SOLVED:NOT splitting datablock


does anyone know I can NOT split my dataset? I am making a testset dataloader. It has groundtruth data for evaluation of the model. I can make the Datablock and the Dataloader. However, the default is the 0.2 split. how can I remove this splitting?


You should do dls.test_dl(yourfnames, with_labels=True). Not entirely sure your file structure/etc so that’s the closest to a recommendation I can give ATM :slight_smile:

Thanks. My file structure is essentially a CSV, with a column for image filepaths, 4 columns for bounding box coordinates, and a column for classnumber.
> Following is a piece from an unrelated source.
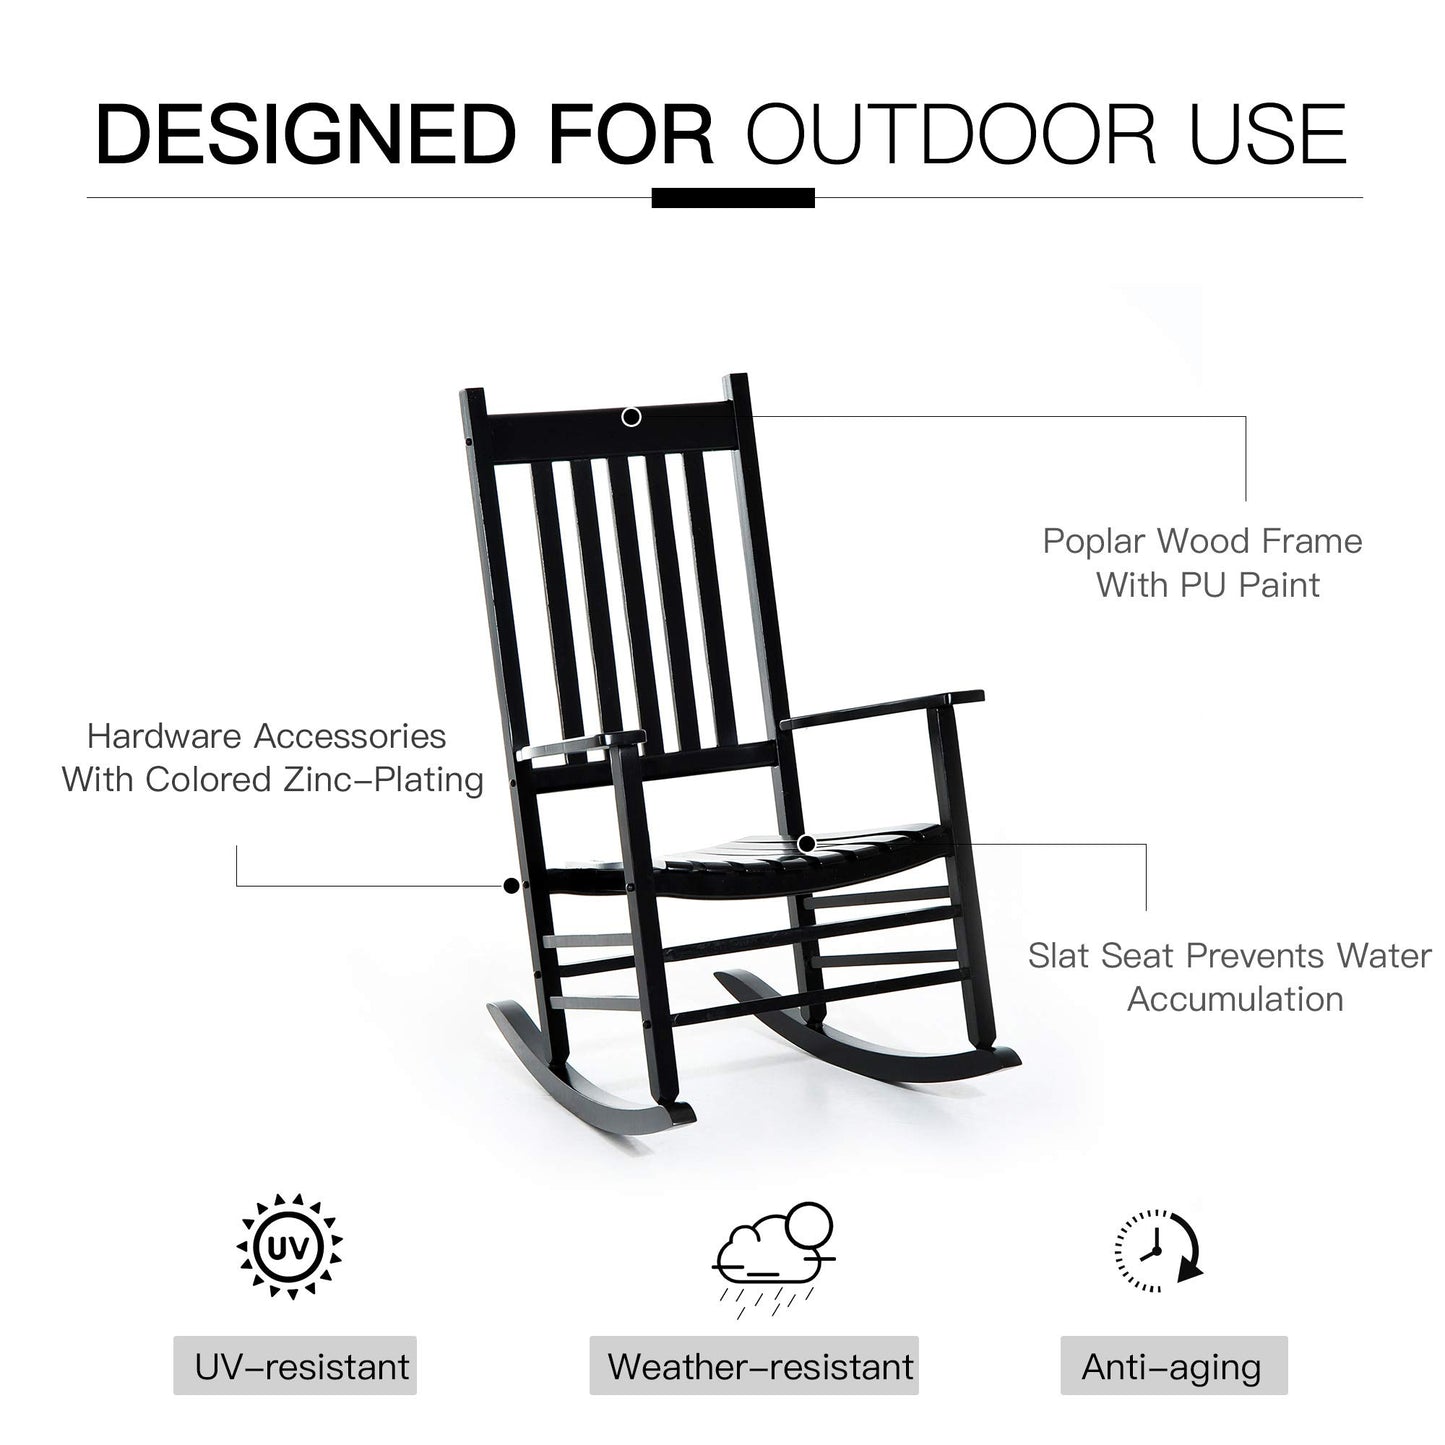 Outsunny Outdoor Rocking Chair, Wooden Rocking Patio Chairs with Rustic High Back, Slatted Seat and Backrest for Indoor, Backyard, Garden, Black

For my test datablock, I created a datablock (Image, Category) that takes a row index filename, creates an image, extracts out a crop based on the bounding box in the row for the filename, and returns this crop as the image.

I used a datablock because I was not sure how to modify the dataloader effectively. What this method would work for a datablock, rather than the dataloader?

I’m assuming then that your test setup isn’t the same as your training setup, so a new DataBlock is fine. I wrote a little no_split function awhile ago, use this for your splitter:

def nosplit(o): return L(int(i) for i in range(len(o))), L()

Literally splitter = nosplit

And then when calling .dataloaders() pass shuffle_train=False and drop_last=False.

Absolute worst case (not in front of a computer to test), make the splitter:

def nosplit(o): return L(int(i) for i in range(len(o))), L(int(i) for i in range(len(o)))

And then the dl you’d want to use is the .valid (so test_dls = newDataBlock.dataloaders().valid)

1 Like

That works. Thank you so much.